149. 1. As to the competency or relevancy of testimony. As to


competency of relevancy of testimony, Objection should be made when
the deposition is being offered in evidence. Objections to the
competency, relevancy or materiality of the testimony are not waived by
failure to make them before or during the taking of the deposition, unless
the ground of the objection is one which might have been obviated or
removed if presented at that time. The test to determine whether “the
ground of the objection might have been obviated or removed if
presented at that time” is whether the objection will give the other party
an opportunity to cure the deficiency of his proof. An example would be
the lack of qualification by an expert, which may be cured by objecting
at the time of the taking of the deposition.

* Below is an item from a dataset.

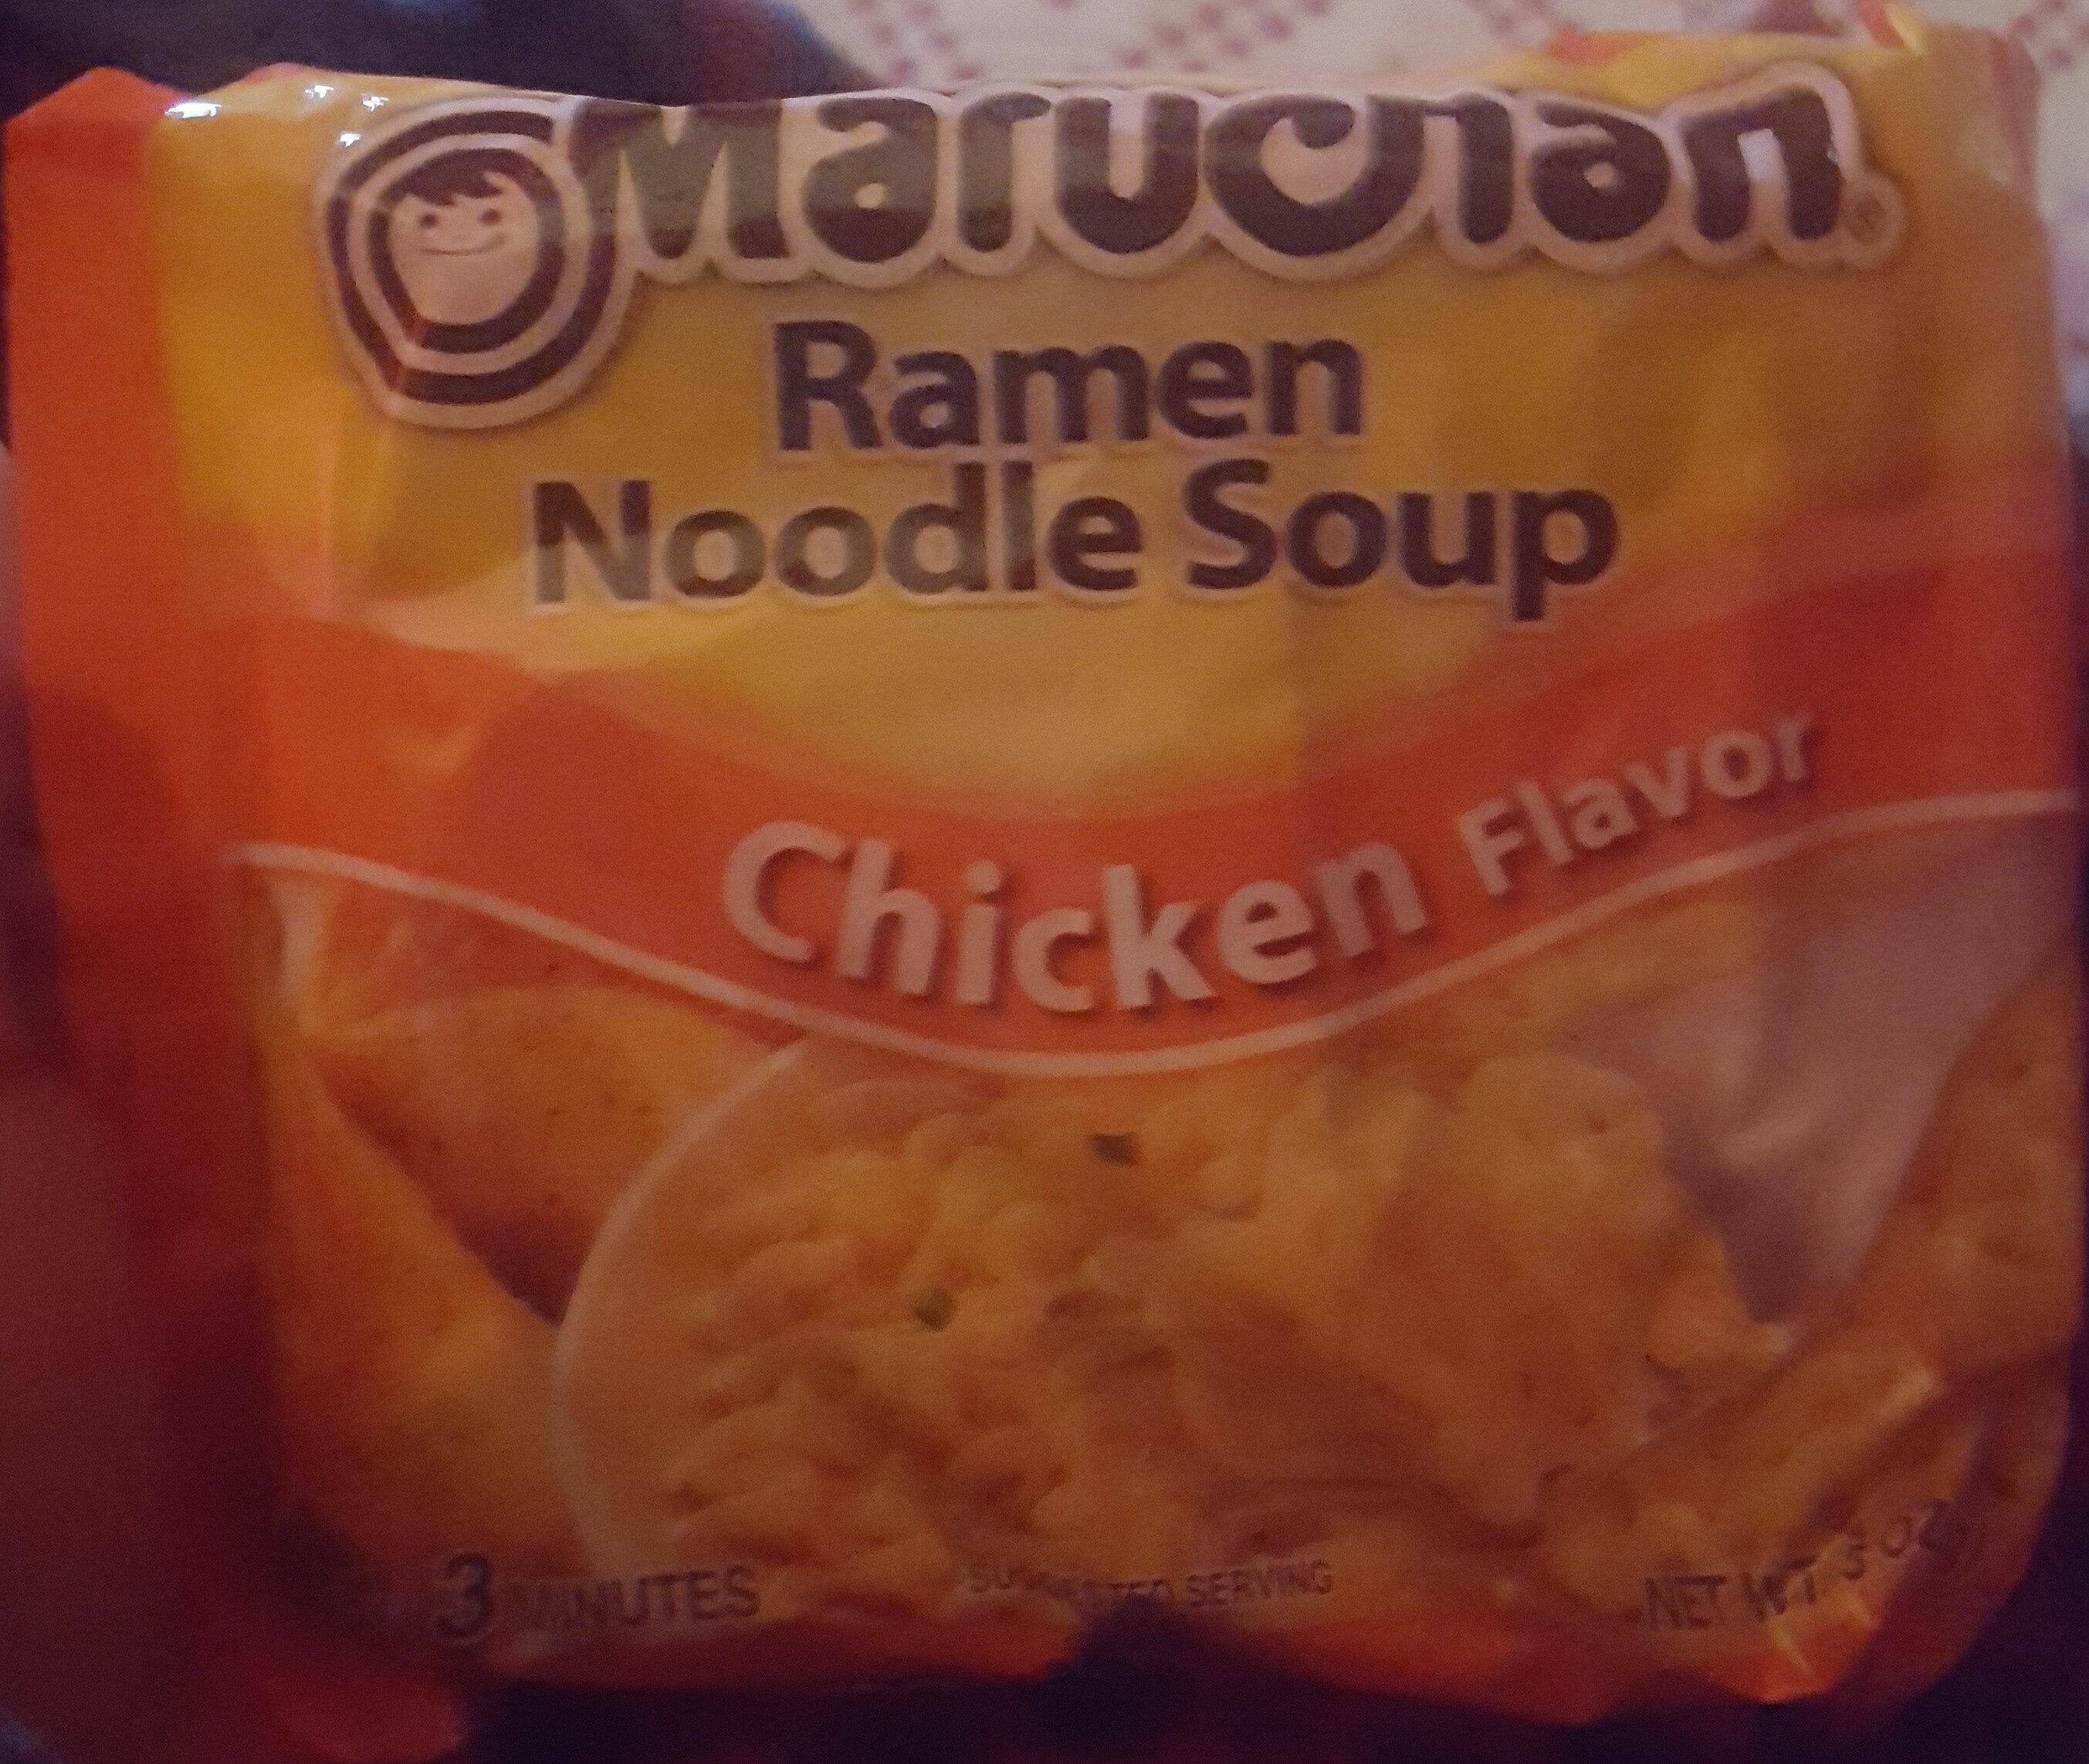 Ramen Noodle Soup, Chicken - Product

2. As to form of notice and as to qualification of officer. All errors


and irregularities in the notice for taking a deposition are waived unless
written objection is promptly served upon the party giving the notice.
Objections to taking of deposition because of disqualification of the
officer before whom it is to be taken is waived unless made before the
taking of the deposition begins or as soon thereafter as the
disqualification becomes known or could be discovered with reasonable
diligence.

150. I will sustain the objection. Objections to the competency or


relevancy of the testimony of the deponent should be made when the
deposition is being offered in evidence. Such objections are not waived
by failure to make them before or during the taking of the deposition,
unless the ground of the objection is one which might have been
obviated or removed if presented at that time. Here the objection relates
to the competency of W’s testimony. The ground for the objection
(violation of the attorney-client privilege) would not have been obviated
or removed even if presented during the deposition –taking. Hence, the
same is not waived even if defendant failed to object during the
deposition taking.
151. I would overrule the objection. Objection to the competency of the
witness or the competency, relevancy, or materiality of testimony are not
waived by failure to make them before or during the taking of deposition,
unless the ground of the objection is one which might have obviated or
removed if presented at that time. Here the ground of the objection, that is,
the failure to comply with the best evidence rule might have been obviated
or removed even if presented during the deposition taking. W could have
laid the foundation of his oral testimony by testifying as to the availability of
the original. Hence, the objection should be overruled.